PNH : la graduation de la 35e promotion ravive les doutes sur la formation accélérée des policiers

PNH : la graduation de la 35e promotion ravive les doutes sur la formation accélérée des policiers

La Police nationale d’Haïti (PNH) a procédé, ce vendredi 23 janvier, à la graduation des aspirants policiers de la 35e promotion, baptisée « Aurore », lors d’une cérémonie officielle marquant l’entrée en fonction de 877 nouveaux agents. Dans un contexte sécuritaire marqué par la montée du grand banditisme , cet événement, censé renforcer les capacités opérationnelles de l’institution, remet toutefois au cœur de l’actualité la controverse persistante autour de la durée et de la qualité de la formation policière en Haïti.

Depuis 2020, l’École nationale de police (ENP) multiplie les promotions issues de formations écourtées, parfois limitées à quatre mois, sans véritable stage probatoire. Si cette stratégie vise à répondre à l’urgence sécuritaire, elle suscite de fortes réserves au sein de la population et de la corporation policière, plusieurs acteurs estimant qu’elle fragilise les fondements professionnels de la PNH.

Dans cette logique, l’augmentation rapide des effectifs apparaît davantage comme une réponse conjoncturelle que comme une solution structurelle aux problèmes de sécurité.

Le Syndicat de la Police nationale d’Haïti (SPNH-17) a été l’un des premiers à dénoncer publiquement cette pratique. Dans une publication diffusée sur son compte Facebook officiel, le syndicat rappelle que la formation policière doit répondre à des standards internationaux clairs :

« Dans la majorité des pays, la formation initiale des policiers dure entre huit et douze mois. Le syndicat exige la fin des formations de quatre à six mois sans stage, qu’il considère comme insuffisantes pour préparer efficacement les agents à leurs missions. »

Pour le SPNH-17, la réduction excessive de la durée de formation compromet non seulement les compétences techniques des policiers, mais également leur capacité à agir dans le respect des lois et des principes de l’État de droit.

Joint par la rédaction, l’inspecteur Garry Jean Baptiste, porte-parole du SPNH-17, a réitéré cette position avec fermeté :

« Nous avons dénoncé cette situation. La manière dont les policiers sont formés aujourd’hui en Haïti n’est pas bonne. »

Selon lui, envoyer sur le terrain des agents insuffisamment formés expose non seulement les citoyens, mais également les policiers eux-mêmes, confrontés à des situations complexes sans préparation adéquate.

À l’inverse, un agent de la PNH de grade 2, interrogé sous couvert d’anonymat, explique que cette réorientation du cursus est dictée par la réalité du terrain :

« Face au niveau de banditisme, le programme a été modifié. Les aspirants reçoivent désormais une formation concentrée, majoritairement pratique, à hauteur de 60 à 70 %. Autrefois, la formation était surtout théorique. Aujourd’hui, on privilégie le terrain, au détriment des cours de droit et de sciences policières. »

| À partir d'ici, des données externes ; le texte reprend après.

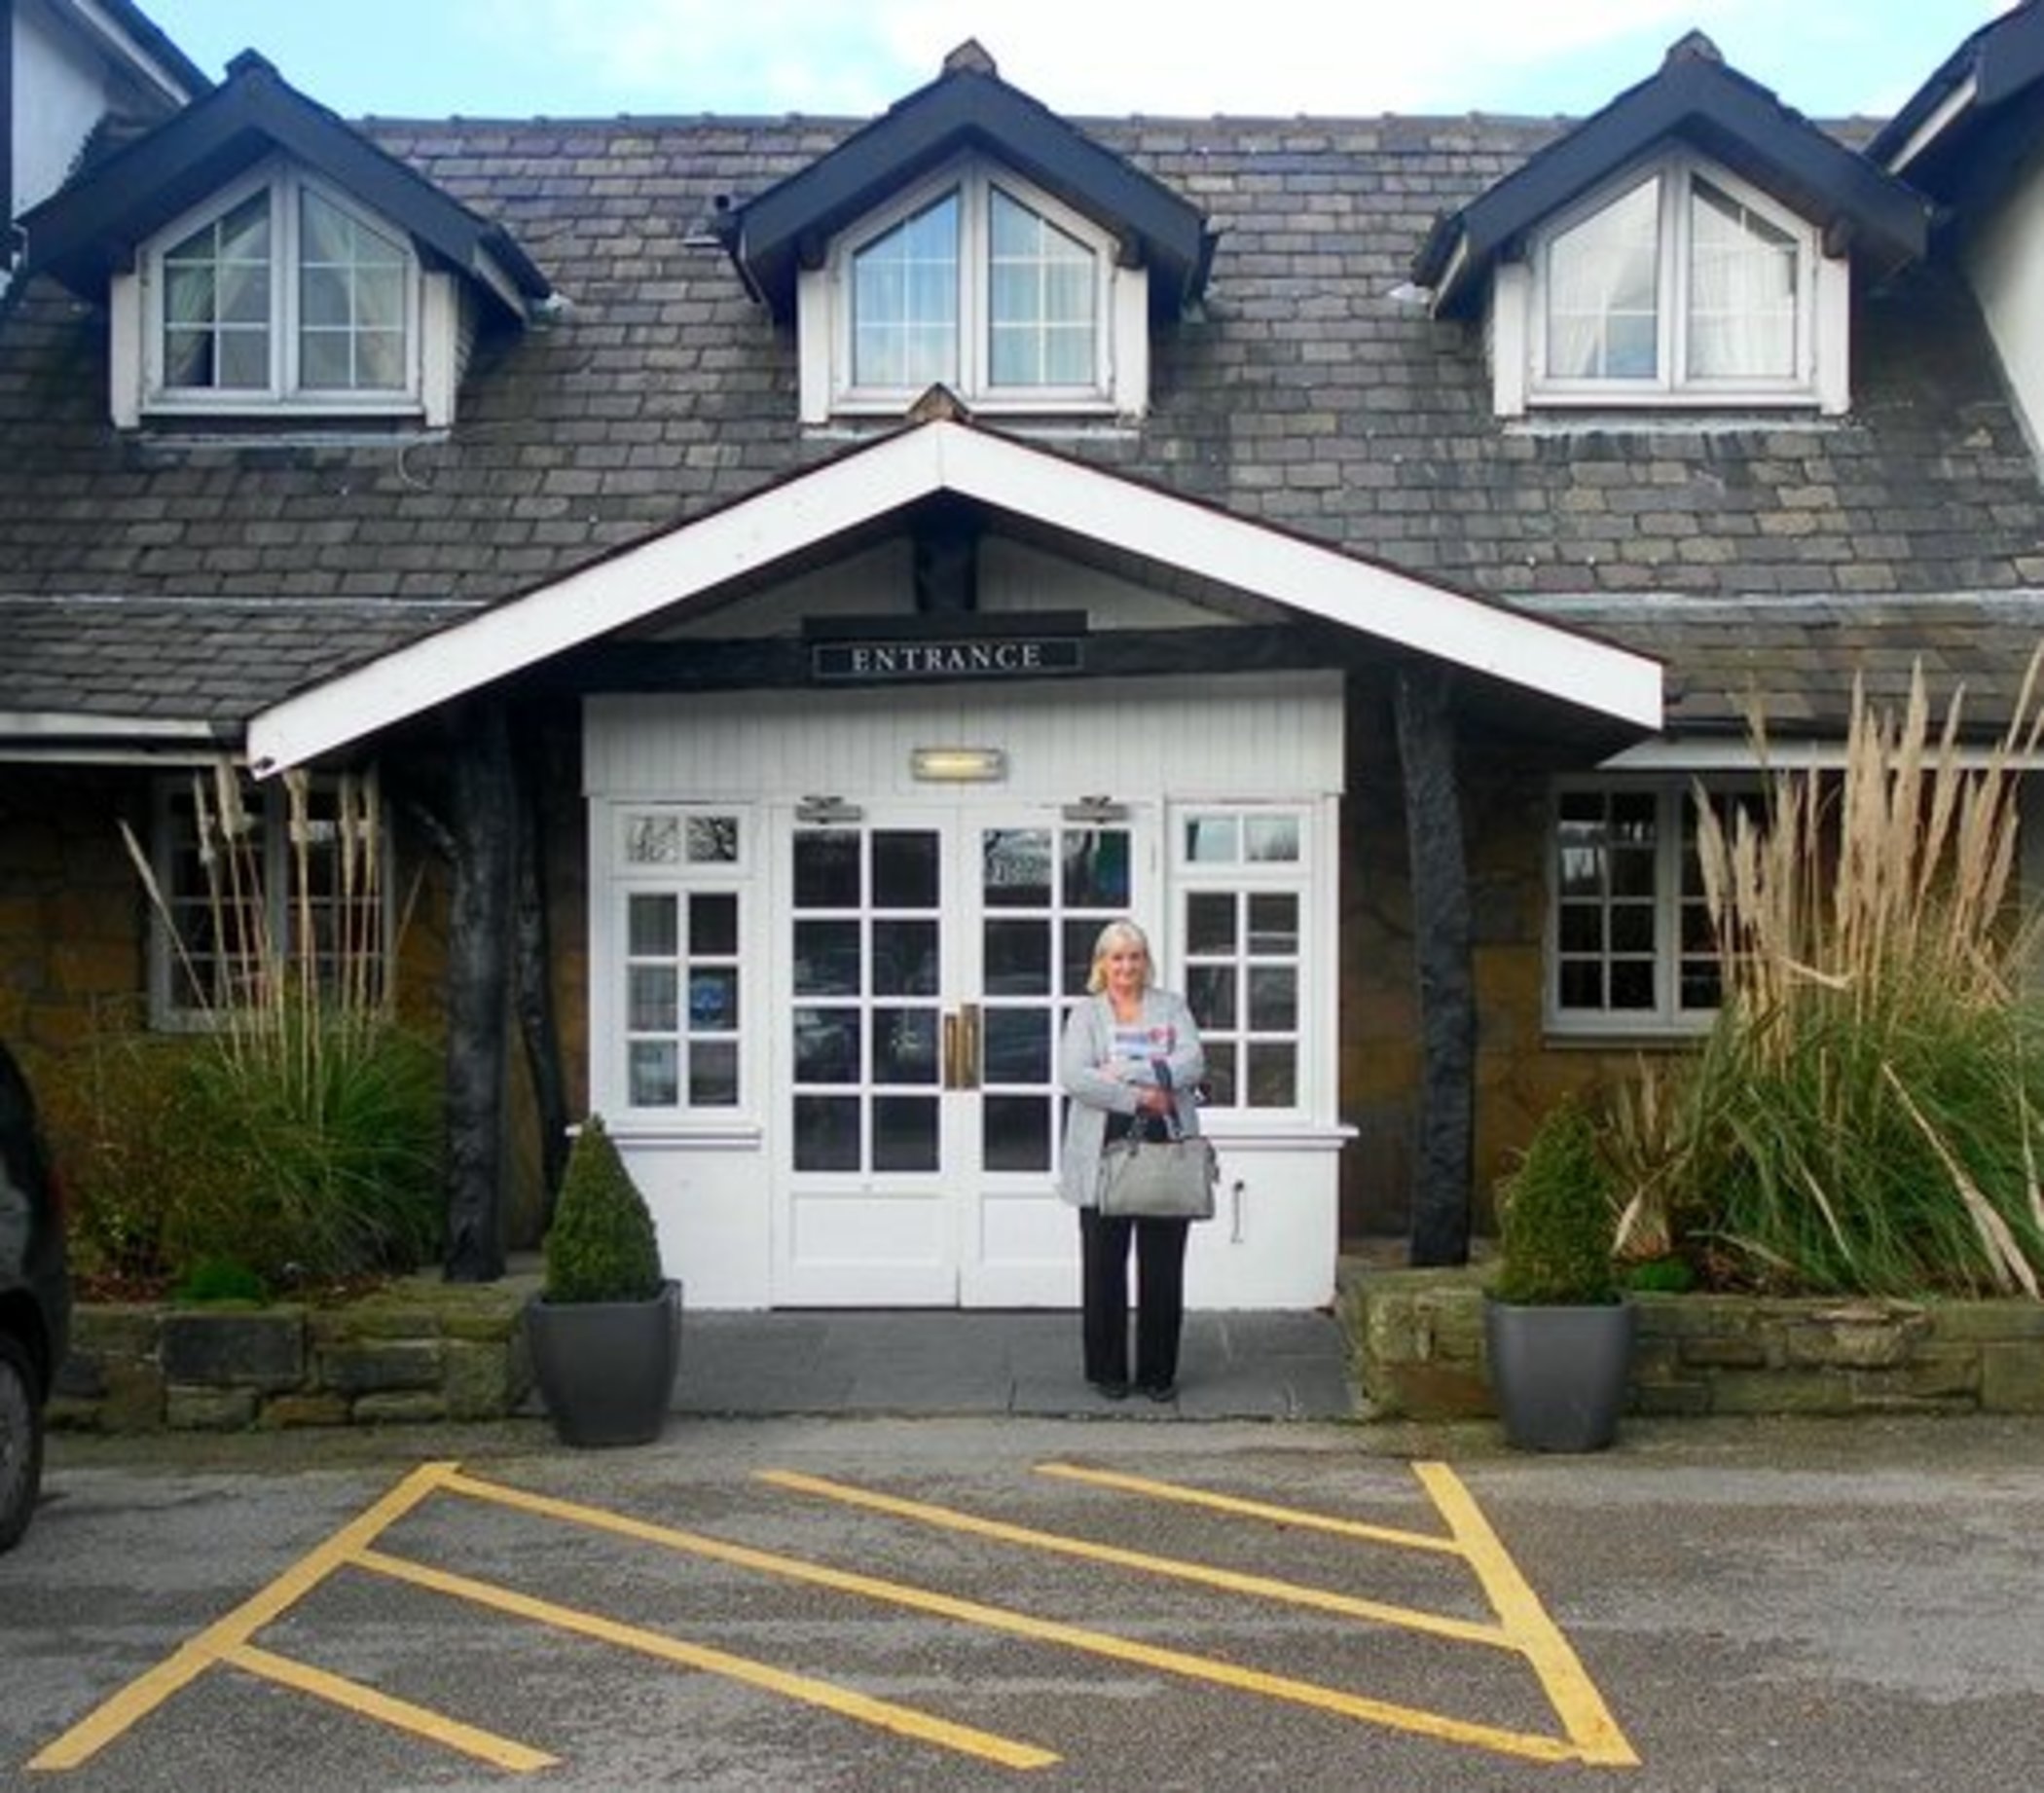 Macdonald Tickled Trout Hotel image

Cette approche vise à rendre rapidement opérationnels les policiers de la promotion Aurore, appelés à renforcer des unités déjà fortement sollicitées.

Cependant, cette orientation suscite de vives critiques au sein même de l’institution. Un policier issu d’une unité spécialisée estime que la formation actuelle s’apparente davantage à une préparation militaire qu’à un apprentissage policier :

« On ne forme plus des policiers, mais des combattants. C’est ce qui explique le comportement de certains agents sur le terrain, incapables de ramener l’ordre avec discernement. Avant, la formation mettait l’accent sur la science policière, le secourisme et la discipline. Aujourd’hui, tout est axé sur la tactique, le tir et le physique, sans véritable prise en compte du cadre légal. »

Il met en garde contre les conséquences à long terme de cette pratique, qui pourrait, selon lui, affaiblir durablement la police administrative.

La graduation de 877 policiers de la promotion Aurore illustre la volonté des autorités de renforcer rapidement les rangs de la PNH. Toutefois, de nombreux analystes estiment que la sécurité durable ne peut être garantie par le seul accroissement numérique des effectifs, sans un investissement sérieux dans la qualité de la formation.

En définitive, si cette 35e promotion représente un renfort immédiat face à l’insécurité, elle relance une interrogation fondamentale : peut-on construire une police professionnelle, respectueuse des droits et efficace sur le long terme, sans une formation complète, rigoureuse et conforme aux standards internationaux ?
Pour plusieurs acteurs du secteur, la réponse à cette question conditionnera l’avenir même de la PNH.